MEMORANDUM OPINION AND ORDER
For the reasons stated below, Defendants’ motion to enforce settlement [85] is denied. This
case is set for further status hearing on December 13, 2019 at 9:30 a.m. The parties are directed
to meet and confer and to file on the docket no later than December 10, 2019 a joint status report
indicating (1) how they propose to proceed with the parallel Illinois and Michigan cases (including
whether one will be stayed or dismissed) and (2) if they propose to proceed here in Illinois, a
detailed plan for any further discovery and dispositive motions and whether they have mutual
interest in trying to resume settlement discussions to avoid further litigation costs.
I.
Background
The issue before the Court illustrates some of the challenges associated with bringing hotly
contested litigation to a close. Plaintiff Ronald Desimone has not worked for Defendants since
October 2015.
Following his termination, Plaintiff filed charges of discrimination against
Defendants with the U.S. Equal Employment Opportunity Commission in April 2016. The parties
agreed to mediate the dispute at the EEOC’s Chicago offices. The mediation lasted three days in
October, November, and December 2016 and involved Plaintiff, his attorney, two attorneys for
Defendants, plus a corporate representative for Defendants and, of course, the mediator. On the
first day of the mediation, the parties signed a “Confidentiality Agreement,” which provided
(among other things) that “[i]f a settlement is reached by all the parties, the agreement shall be
reduced to writing and when signed shall be binding upon all parties to the agreement.”

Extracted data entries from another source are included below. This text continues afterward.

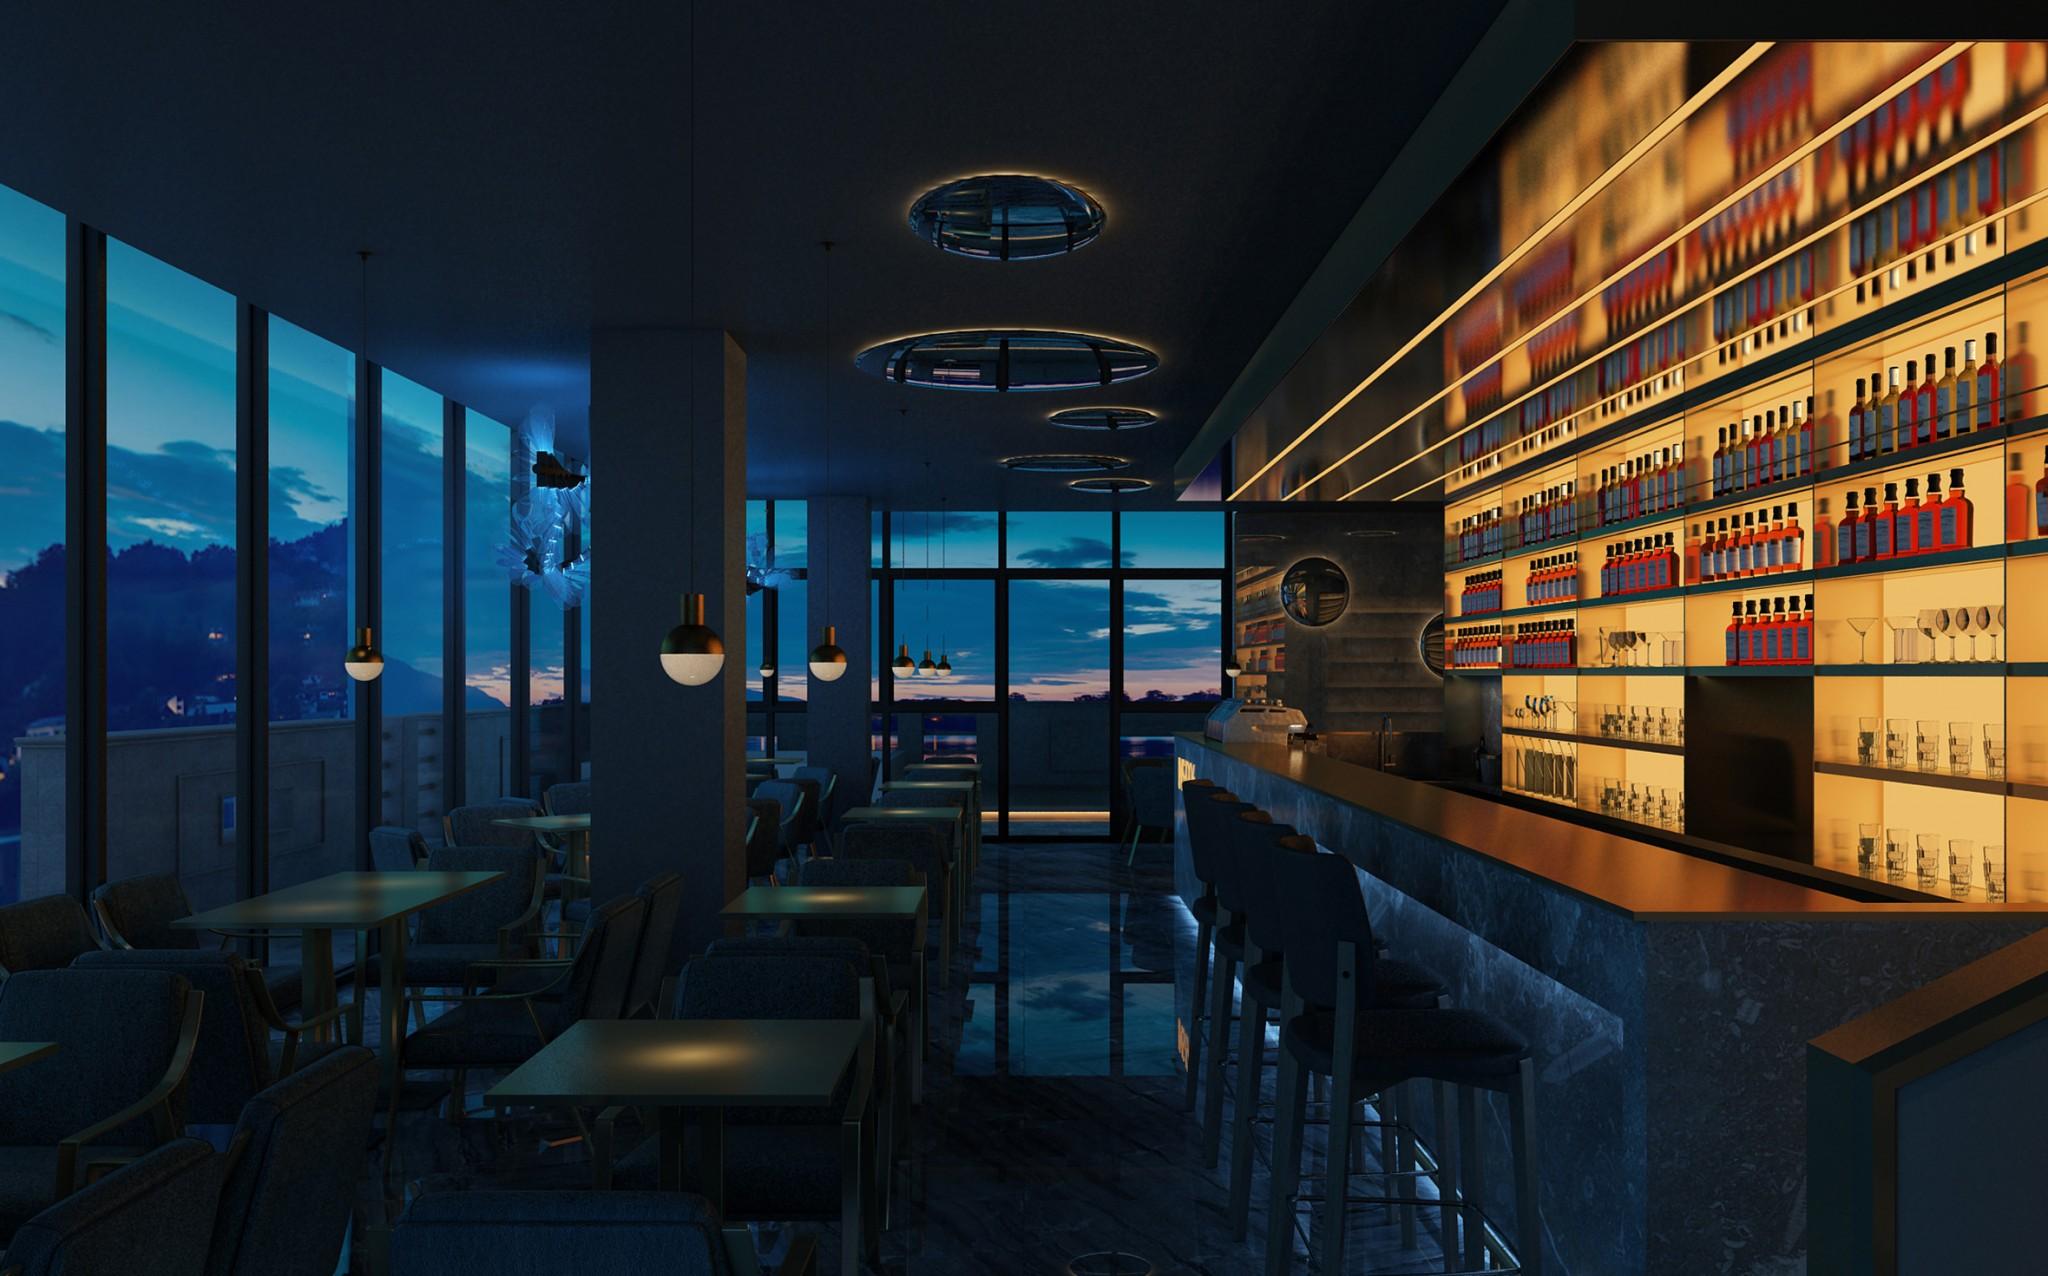 酒吧商业空间设计-INS19968c07a9650830968e4bb3ecb49be398ec
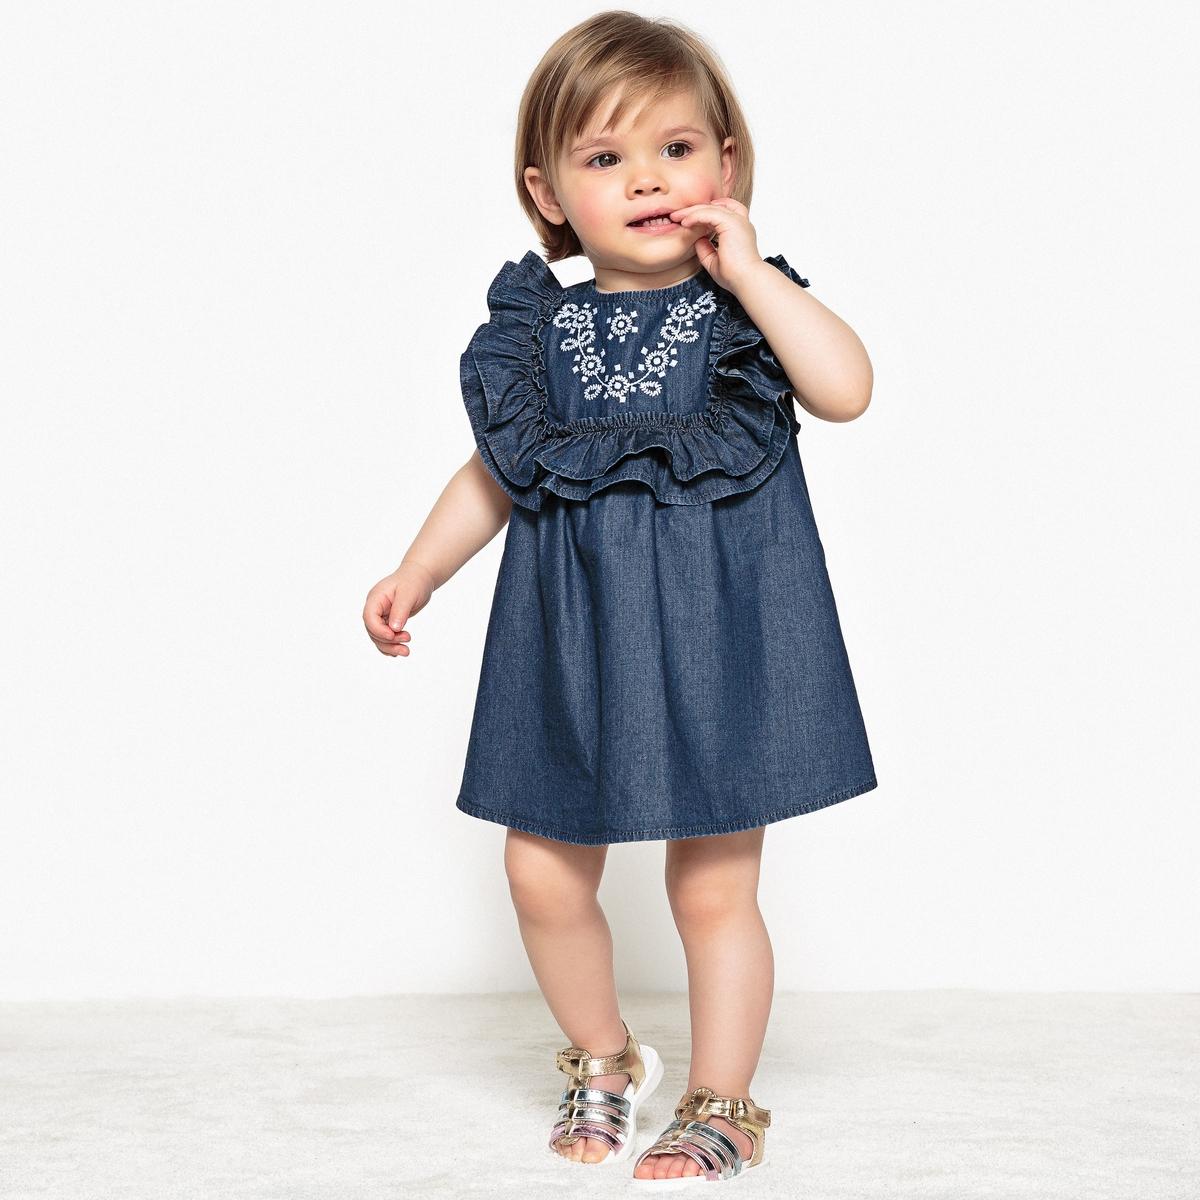 Платье La Redoute С вышивкой и воланами из денима мес - года 3 года - 94 см синий шорты с вышивкой 1 мес 3 года
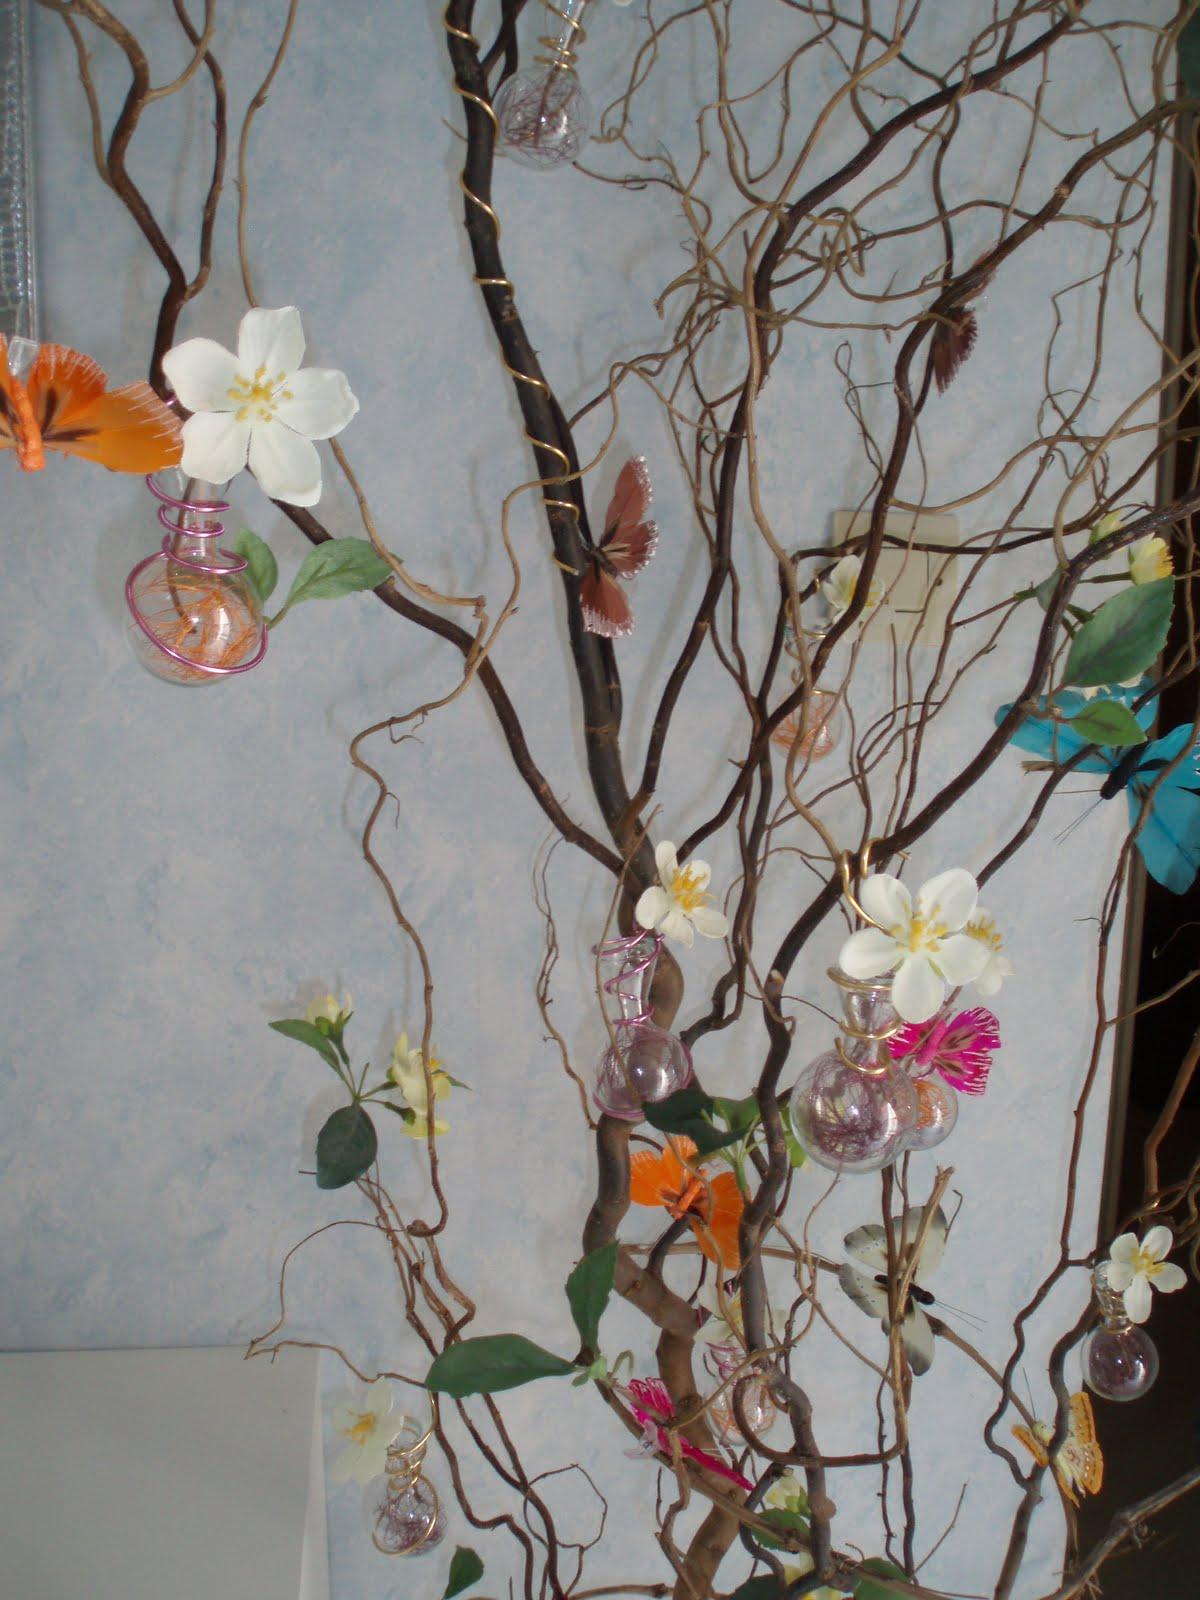 d 39 une branche l 39 autre l 39 arbre papillons. Black Bedroom Furniture Sets. Home Design Ideas
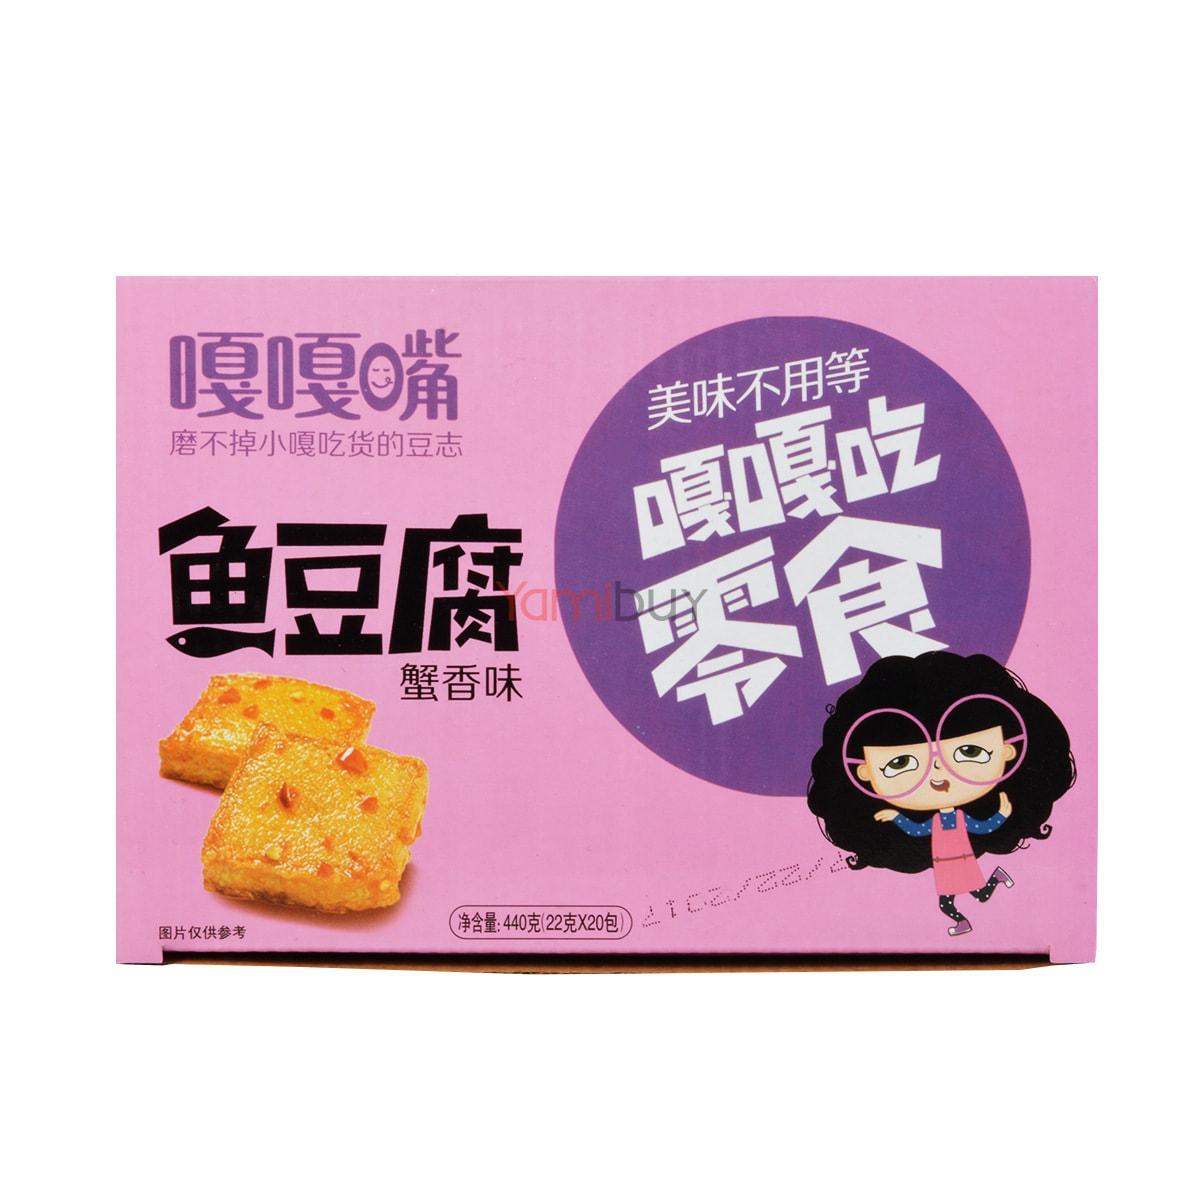 嘎嘎嘴 经典鱼豆腐 蟹香味 22g×20包入

As the Court’s prior twenty-four page memorandum opinion and order [68] sets out in
detail, the parties began to converge on the terms of a final agreement on the afternoon of the third
day of the mediation, December 1, 2016. The testimony at the evidentiary hearing confirms that
agreement on the monetary terms was reached while Plaintiff was present, but that the lawyers
went back and forth on some non-monetary terms late into the afternoon, after Plaintiff
(unbeknownst to even his own attorney) had left for the day. Plaintiff’s attorney had taken a hand
at drafting a document entitled “Binding Term Sheet,” which included at the bottom signature lines
for Plaintiff and Defendants’ corporate representative (as principals) and the EEOC Mediator (as
a witness). At 4:17 p.m., Plaintiff’s counsel conveyed the first version of the term sheet, along
with an email indicating his belief that he had “captured the material terms and left room to add
the other standard terms that would normally accompany such an agreement.” A little more than
an hour later, counsel for Defendants responded by email with “a revised term sheet” that included
(among other changes) the addition of a Michigan choice of law and venue provision and retained
the same signature lines. About half an hour later, Plaintiff’s counsel sent the final version of the
day in redline, indicating some concern about the choice of law and venue provision but stating
that “[a]ll other looks good to us and we will work with client tomorrow to have signed.” By that
time, it was apparent that Plaintiff did not intend to return to the mediation, so Plaintiff’s lawyer
and one of the lawyers for Defendants signed the term sheet at a random spot on the back page.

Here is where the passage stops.